COLLECTED DATA ::
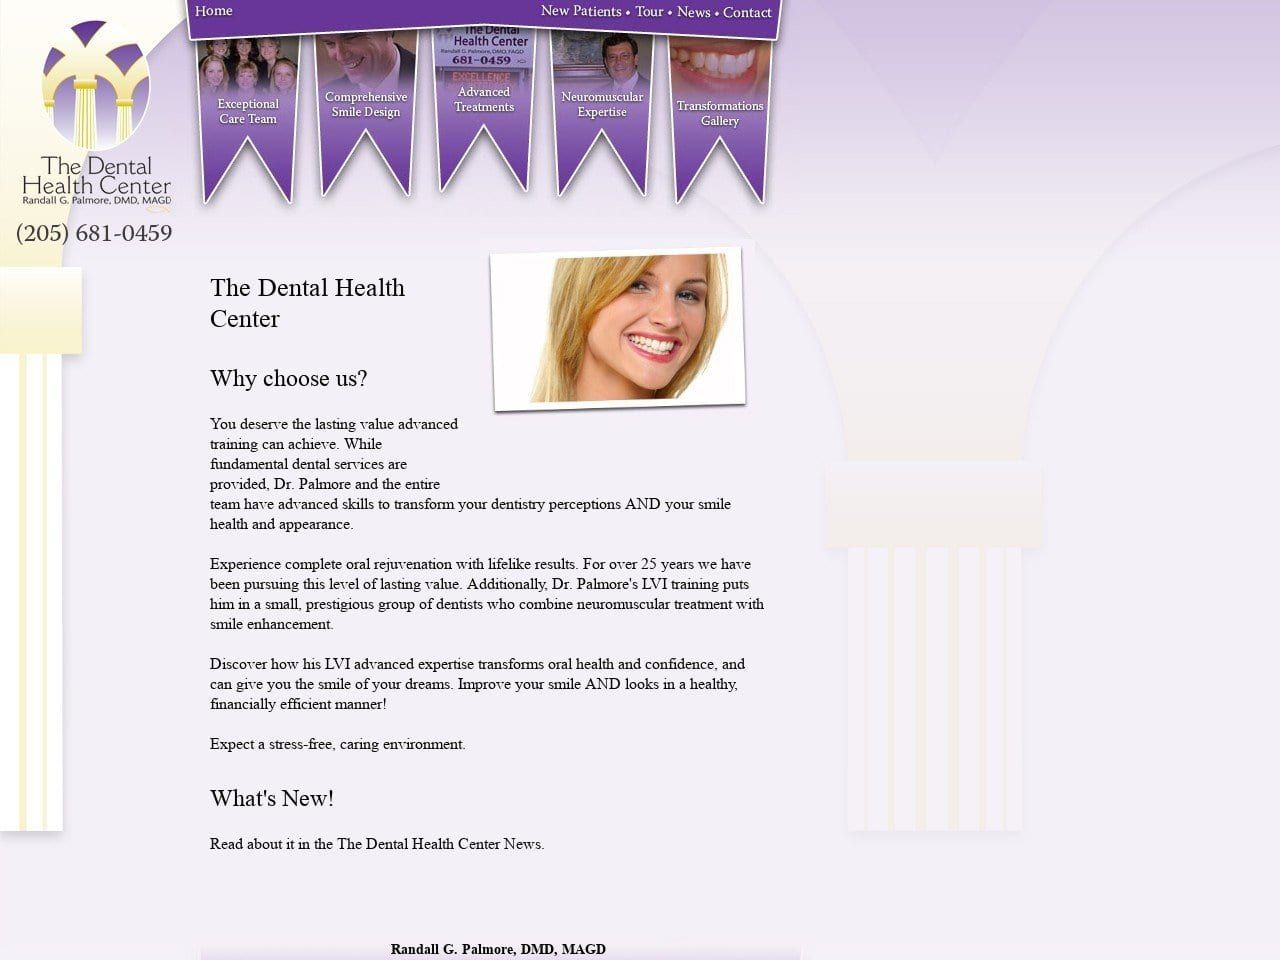 Dental Health Center Website Screenshot from southernsmile.com
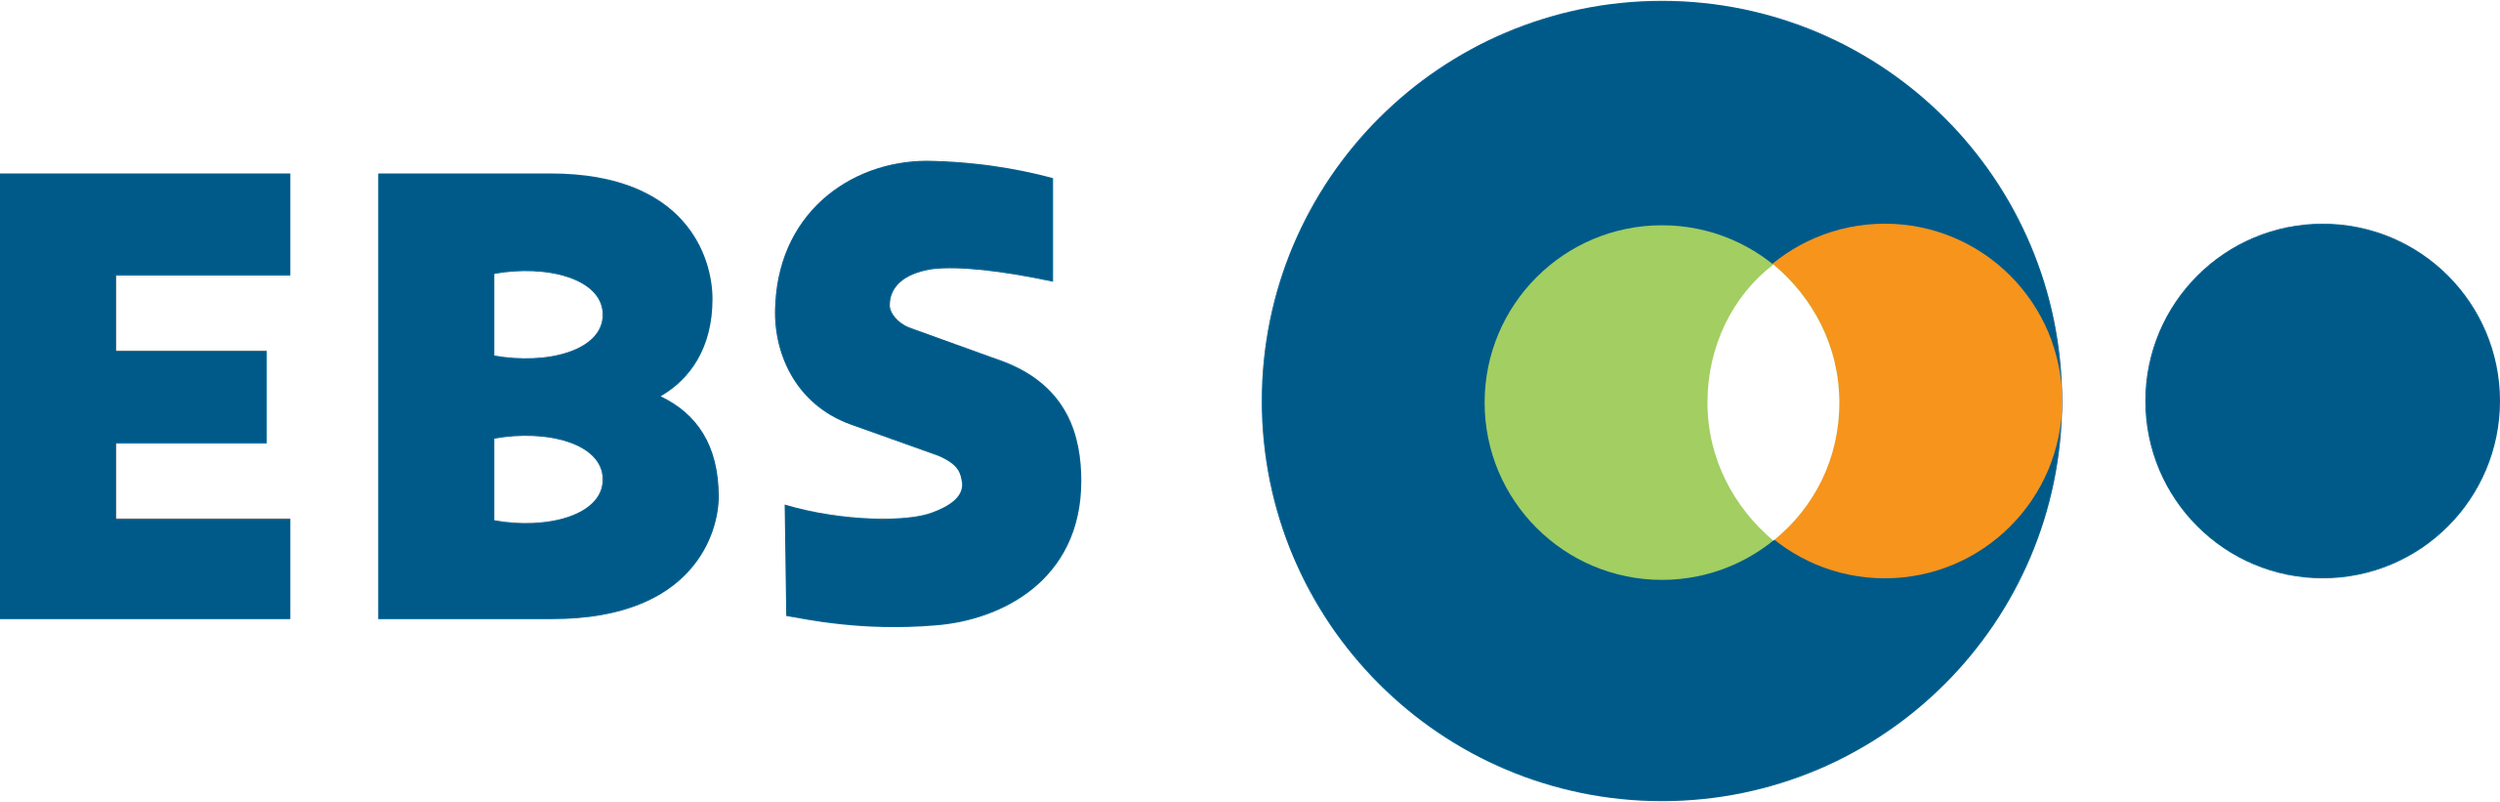 EBS_Logo.svg.png
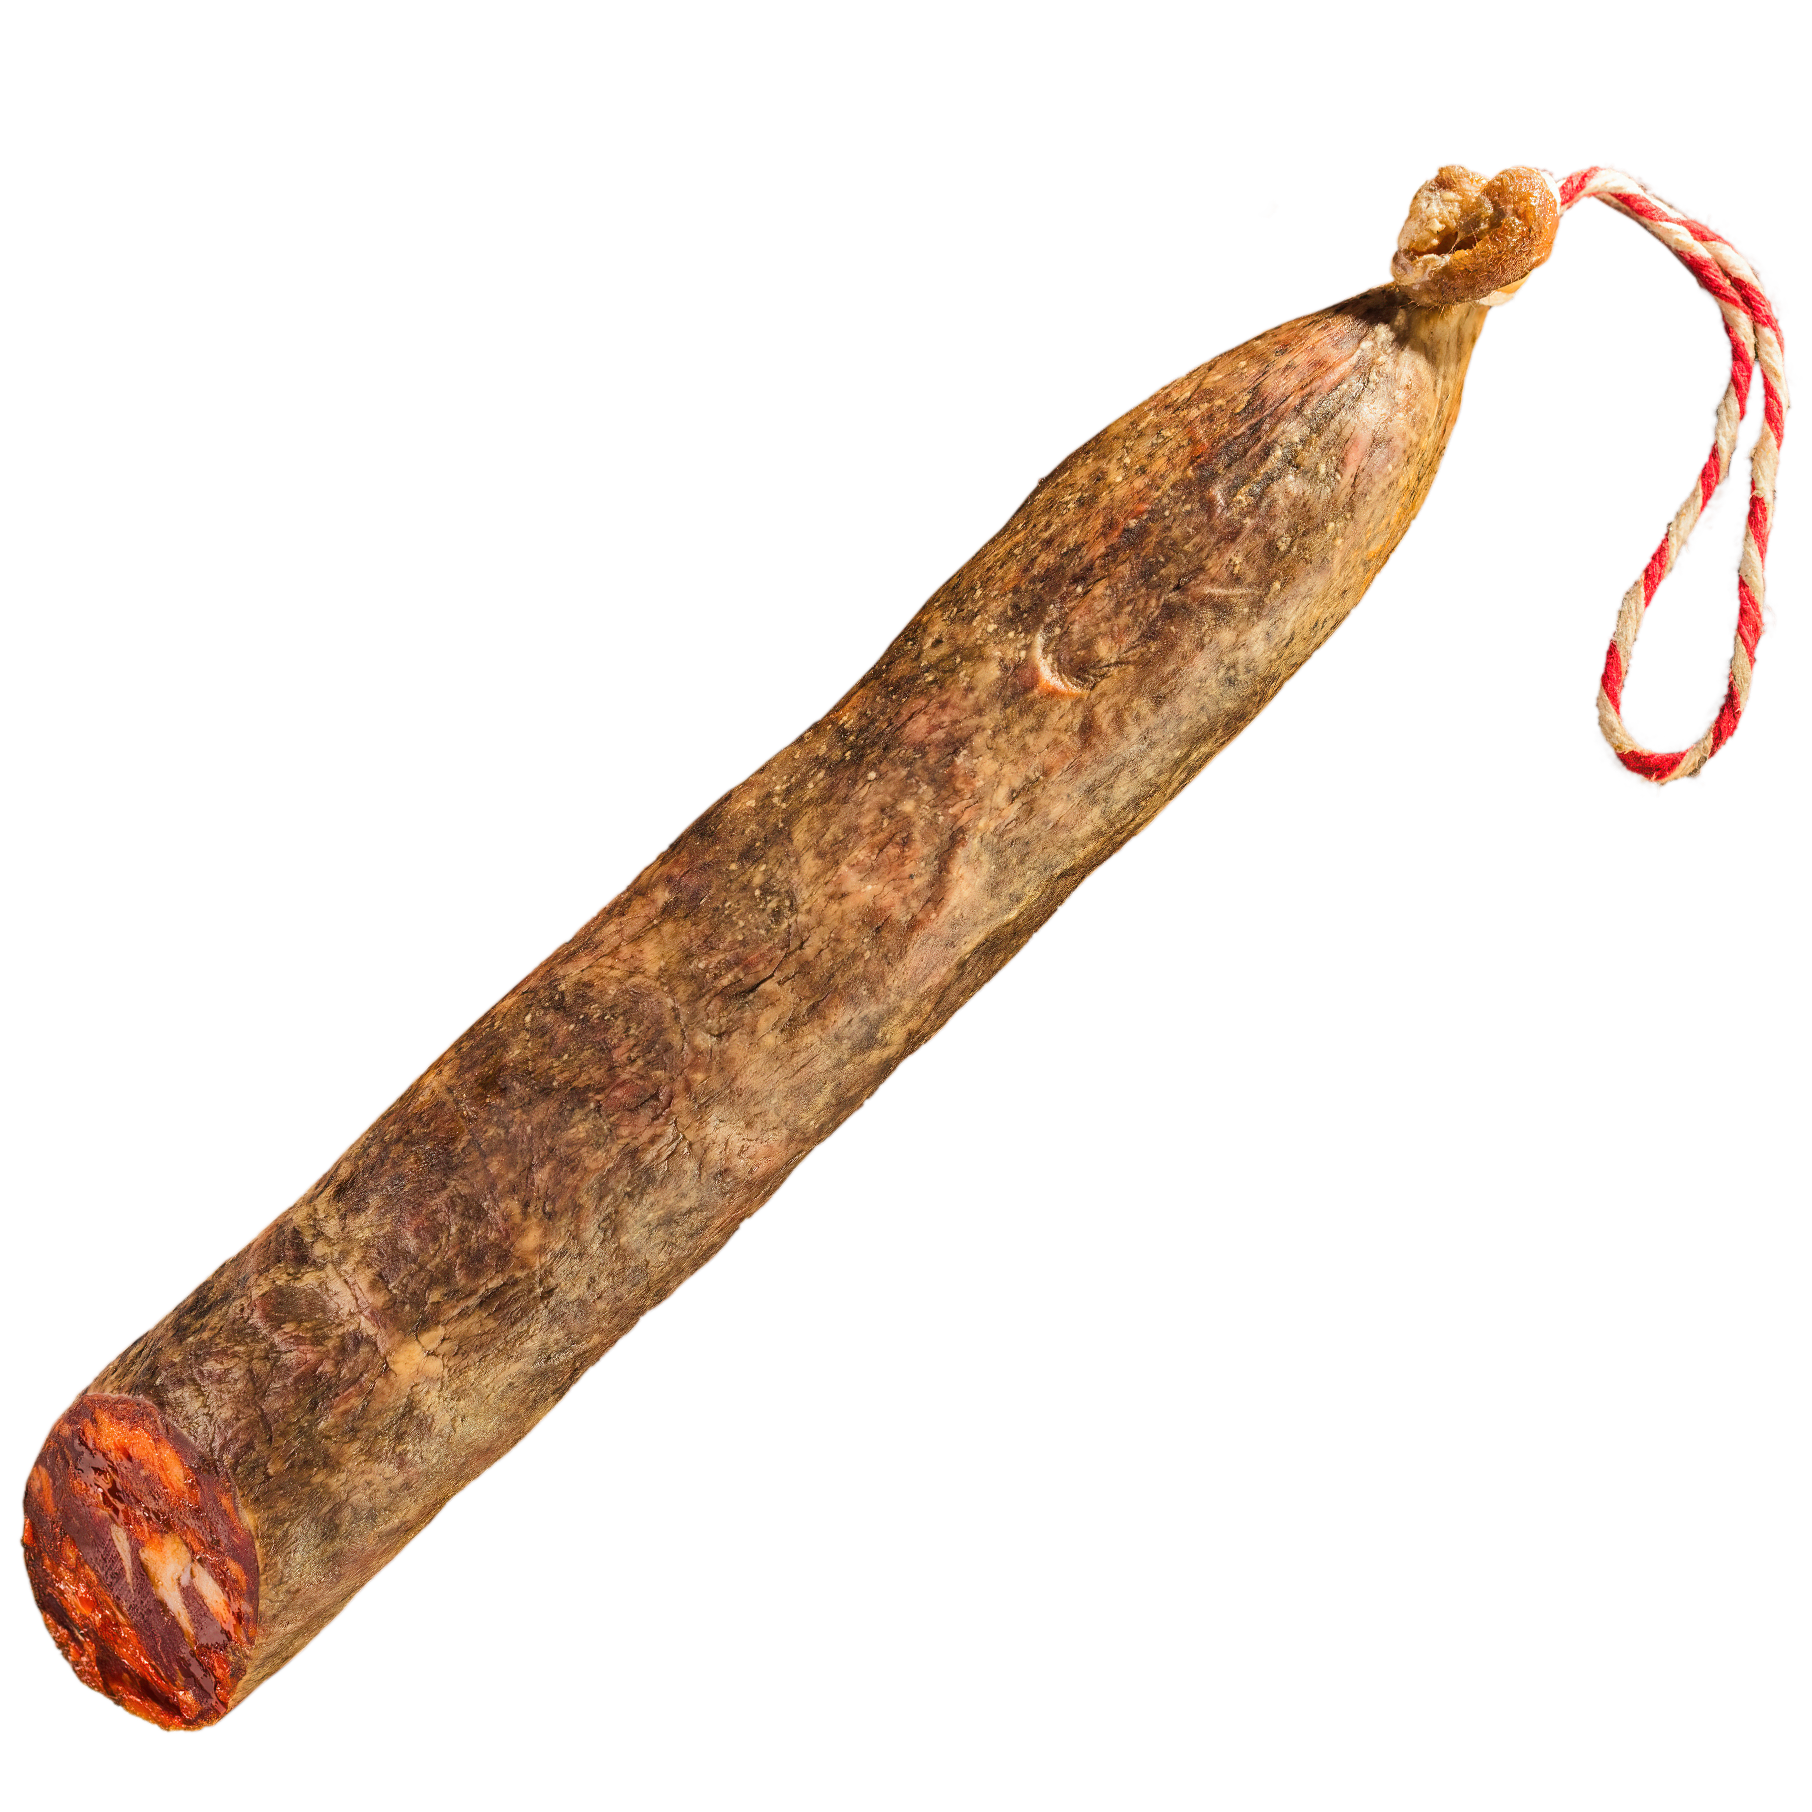 Chorizo cular ibérico de bellota

EXERCISE INSTRUCTIONS :: Using the material above, return every line exactly as it appears, minus the pictures.

EXERCISE OUTPUT ::
 Dental Health Center Website Screenshot from southernsmile.com
 EBS_Logo.svg.png
 Chorizo cular ibérico de bellota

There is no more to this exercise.